# Spontaneous Regression of Intrahepatic Adenocarcinoma after Needle Biopsy: A Case Report and Literature Review

**Authors:** Koetsu Inoue, Tatsunori Bandai, Naota Okabe, Masahiro Hiruta, Hisashi Oshiro, Yuki Mizusawa, Hidetoshi Aizawa, Yuhei Endo, Fumiaki Watanabe, Hiroshi Noda, Toshiki Rikiyama

PMC · DOI: 10.70352/scrj.cr.25-0613 · Surgical Case Reports · 2026-01-30

## TL;DR

A rare case of liver cancer spontaneously regressing after a biopsy suggests a possible immune system response.

## Contribution

This case report documents spontaneous regression of intrahepatic adenocarcinoma following a biopsy, potentially linked to immune activation.

## Key findings

- A liver lesion confirmed as adenocarcinoma via EUS-FNA later showed no viable cancer cells.
- The tumor was replaced by epithelioid granulomas with CD8-positive T cell infiltration.
- This suggests an immune-mediated tumor regression following biopsy.

## Abstract

Spontaneous tumor regression (STR) is a rare phenomenon in which cancer cells partially or completely disappear without treatment. We report a case of intrahepatic cholangiocarcinoma demonstrating STR following endoscopic ultrasonography-guided fine-needle aspiration (EUS-FNA).

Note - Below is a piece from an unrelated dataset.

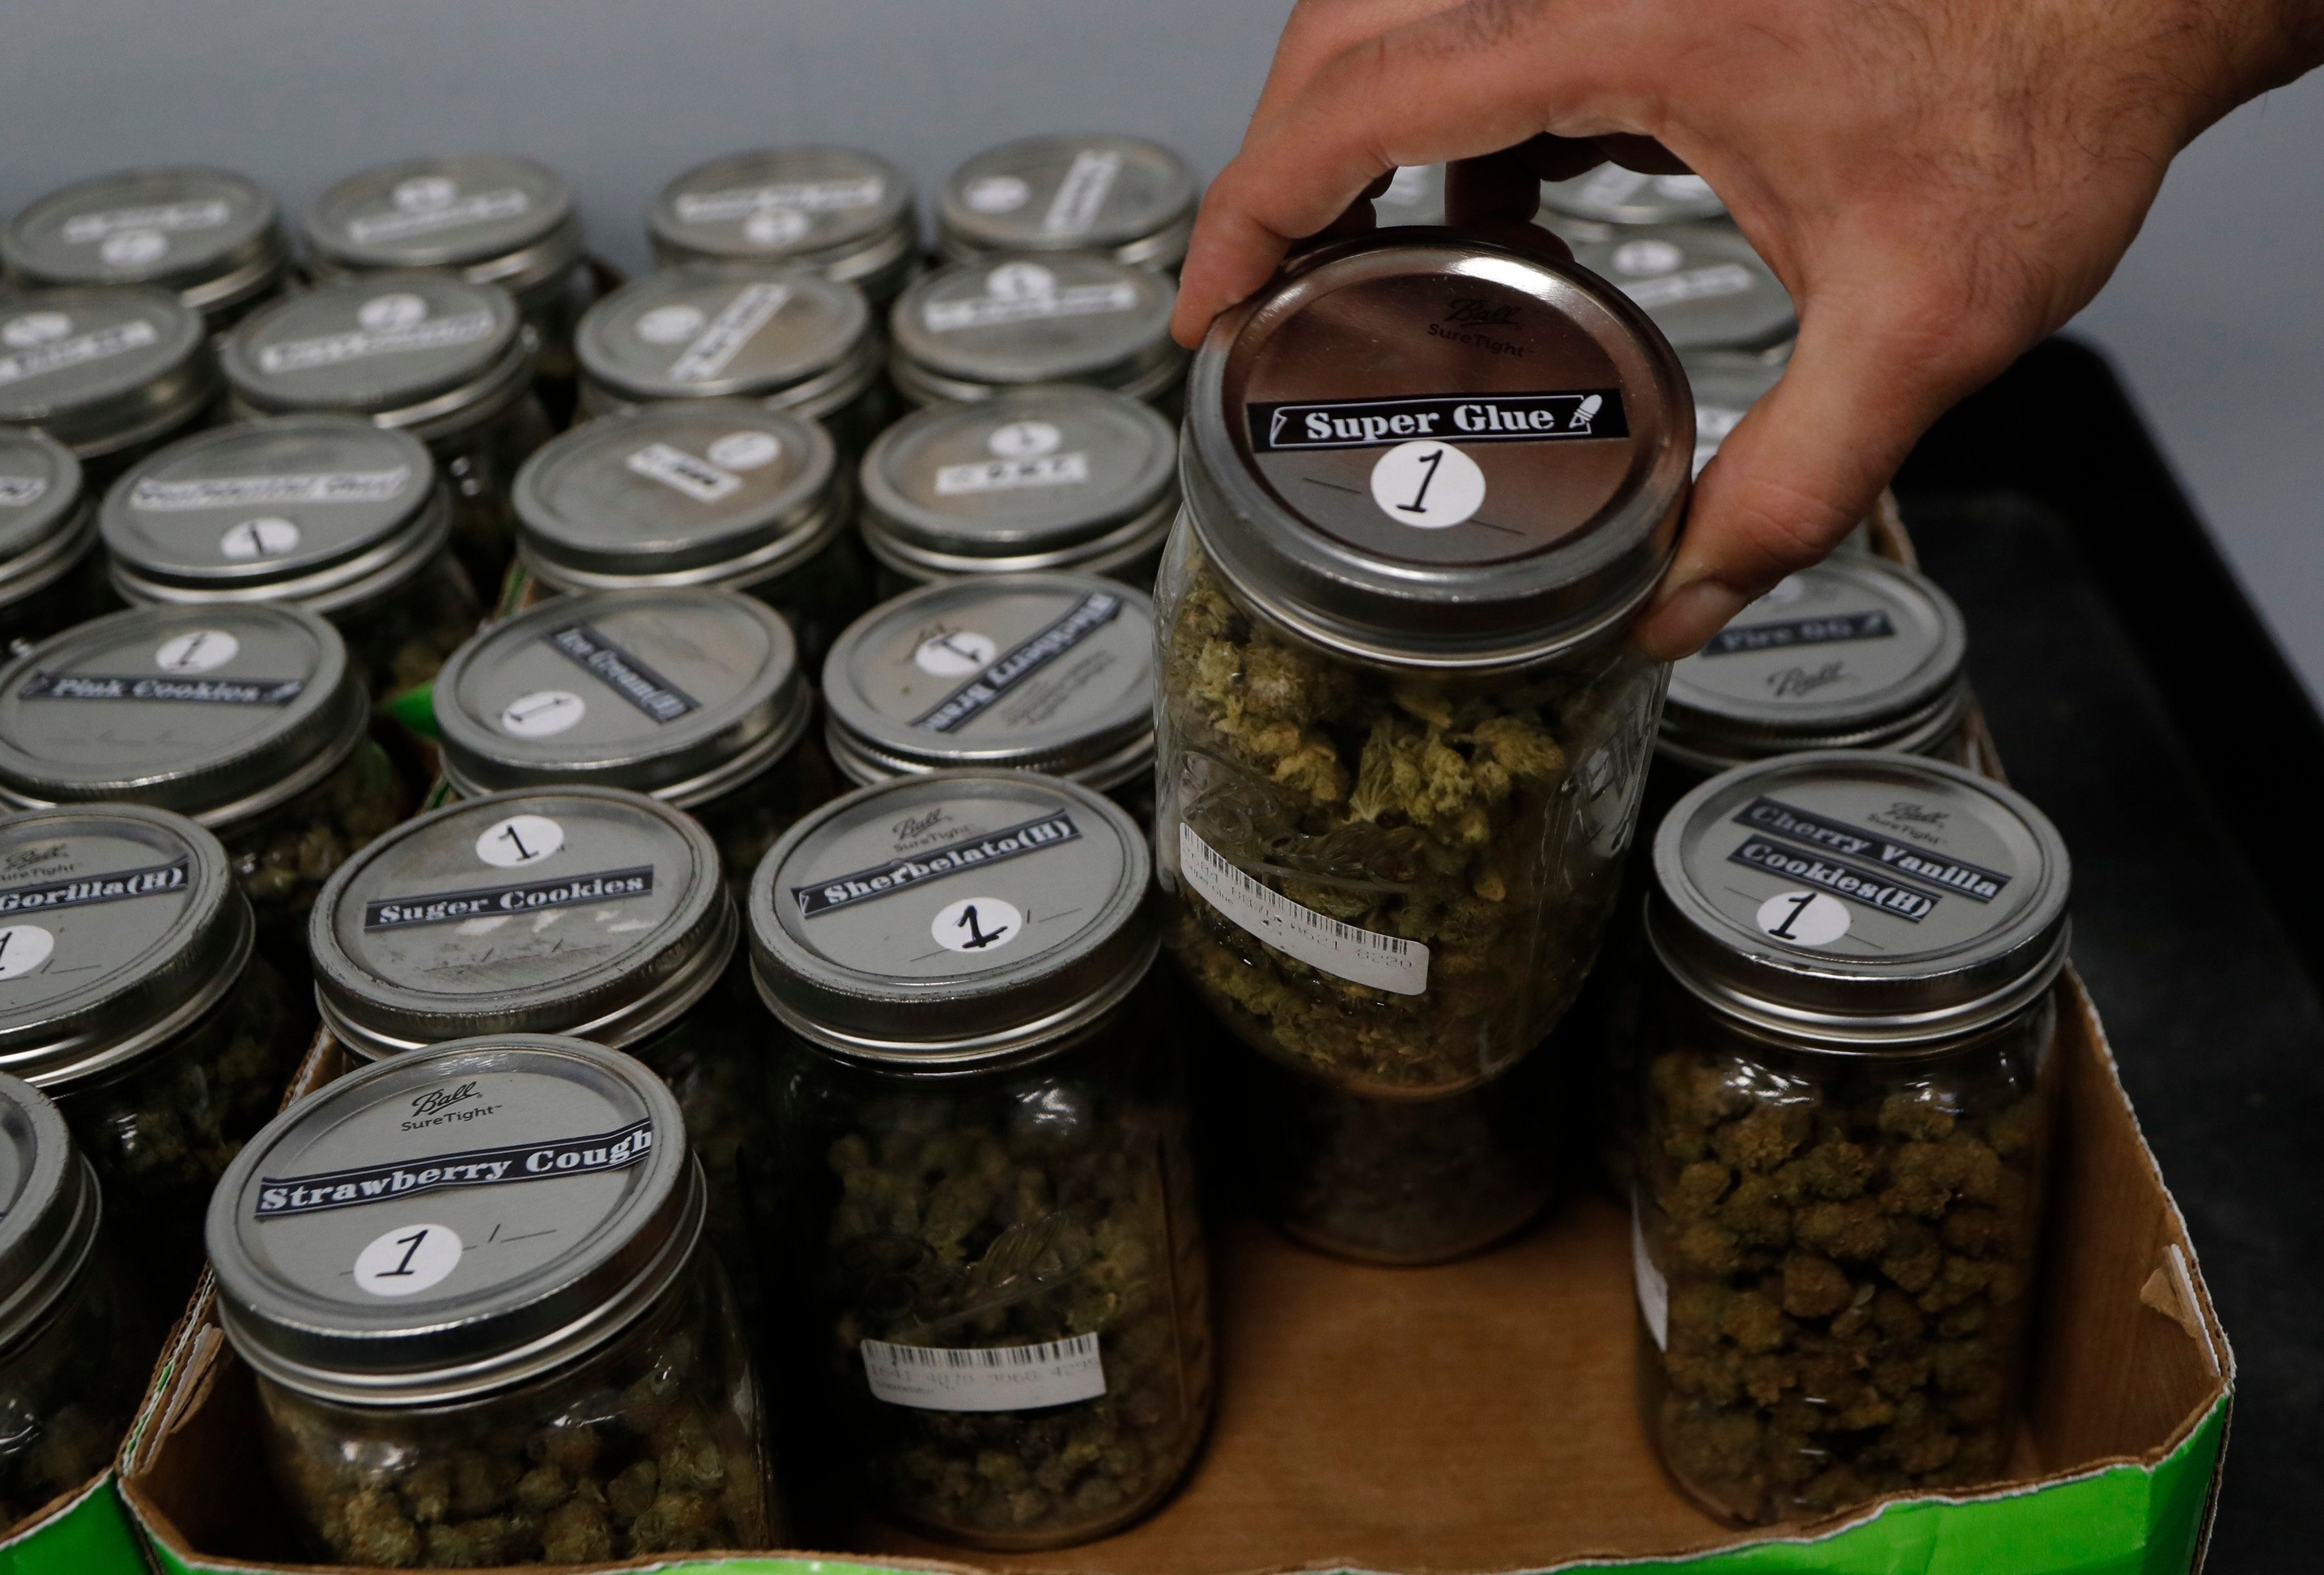 An attendant holds a mason jar of marijuana at a dispensary in Detroit, Michigan, where recreational marijuana has been legal

A 77-year-old male presented with acute cholecystitis 1 day after percutaneous coronary intervention for acute myocardial infarction. Conservative treatment and endoscopic retrograde gallbladder drainage were performed due to antiplatelet therapy. Cytology of bile juice unexpectedly revealed adenocarcinoma. Further imaging, including CT and mapping biopsy, failed to detect a tumor. Laparoscopic cholecystectomy with gallbladder bed resection showed no histological evidence of malignancy. Four months later, surveillance CT revealed a 15 × 15 mm lesion in segment 3 of the liver. EUS-FNA confirmed adenocarcinoma. Laparoscopic left lateral resection was performed; however, no viable cancer cells were identified, and the lesion was replaced by epithelioid granulomas. Immunohistochemistry demonstrated dense infiltration of CD8-positive cytotoxic T cells, suggesting an immune-mediated regression of the tumor.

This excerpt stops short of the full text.